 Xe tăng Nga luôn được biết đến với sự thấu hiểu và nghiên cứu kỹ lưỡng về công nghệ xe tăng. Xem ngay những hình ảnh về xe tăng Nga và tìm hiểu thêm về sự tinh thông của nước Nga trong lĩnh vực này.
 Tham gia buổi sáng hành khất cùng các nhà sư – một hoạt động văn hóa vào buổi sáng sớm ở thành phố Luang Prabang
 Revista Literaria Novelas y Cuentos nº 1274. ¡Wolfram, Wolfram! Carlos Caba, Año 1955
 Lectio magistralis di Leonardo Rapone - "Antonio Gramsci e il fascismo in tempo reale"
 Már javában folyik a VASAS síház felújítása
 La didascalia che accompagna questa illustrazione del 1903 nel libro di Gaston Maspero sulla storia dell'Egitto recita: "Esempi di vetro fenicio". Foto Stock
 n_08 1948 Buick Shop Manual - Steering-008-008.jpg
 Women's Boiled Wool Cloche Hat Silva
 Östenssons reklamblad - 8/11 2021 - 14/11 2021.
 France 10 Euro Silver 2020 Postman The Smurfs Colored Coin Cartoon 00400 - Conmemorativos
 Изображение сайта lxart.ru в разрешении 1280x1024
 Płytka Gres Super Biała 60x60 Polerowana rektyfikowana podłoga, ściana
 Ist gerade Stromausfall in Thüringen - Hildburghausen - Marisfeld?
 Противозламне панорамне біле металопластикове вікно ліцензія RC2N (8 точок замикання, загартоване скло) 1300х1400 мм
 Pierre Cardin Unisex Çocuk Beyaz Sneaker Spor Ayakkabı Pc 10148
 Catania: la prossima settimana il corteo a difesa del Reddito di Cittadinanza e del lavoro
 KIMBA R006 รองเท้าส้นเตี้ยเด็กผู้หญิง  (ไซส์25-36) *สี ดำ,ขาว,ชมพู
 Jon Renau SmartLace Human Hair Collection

*How to complete this task*: Reproduce exactly the line containing "n_08 1948 Buick" and every line after it through the end of the records above, and nothing else.

*Reply*:
 n_08 1948 Buick Shop Manual - Steering-008-008.jpg
 Women's Boiled Wool Cloche Hat Silva
 Östenssons reklamblad - 8/11 2021 - 14/11 2021.
 France 10 Euro Silver 2020 Postman The Smurfs Colored Coin Cartoon 00400 - Conmemorativos
 Изображение сайта lxart.ru в разрешении 1280x1024
 Płytka Gres Super Biała 60x60 Polerowana rektyfikowana podłoga, ściana
 Ist gerade Stromausfall in Thüringen - Hildburghausen - Marisfeld?
 Противозламне панорамне біле металопластикове вікно ліцензія RC2N (8 точок замикання, загартоване скло) 1300х1400 мм
 Pierre Cardin Unisex Çocuk Beyaz Sneaker Spor Ayakkabı Pc 10148
 Catania: la prossima settimana il corteo a difesa del Reddito di Cittadinanza e del lavoro
 KIMBA R006 รองเท้าส้นเตี้ยเด็กผู้หญิง  (ไซส์25-36) *สี ดำ,ขาว,ชมพู
 Jon Renau SmartLace Human Hair Collection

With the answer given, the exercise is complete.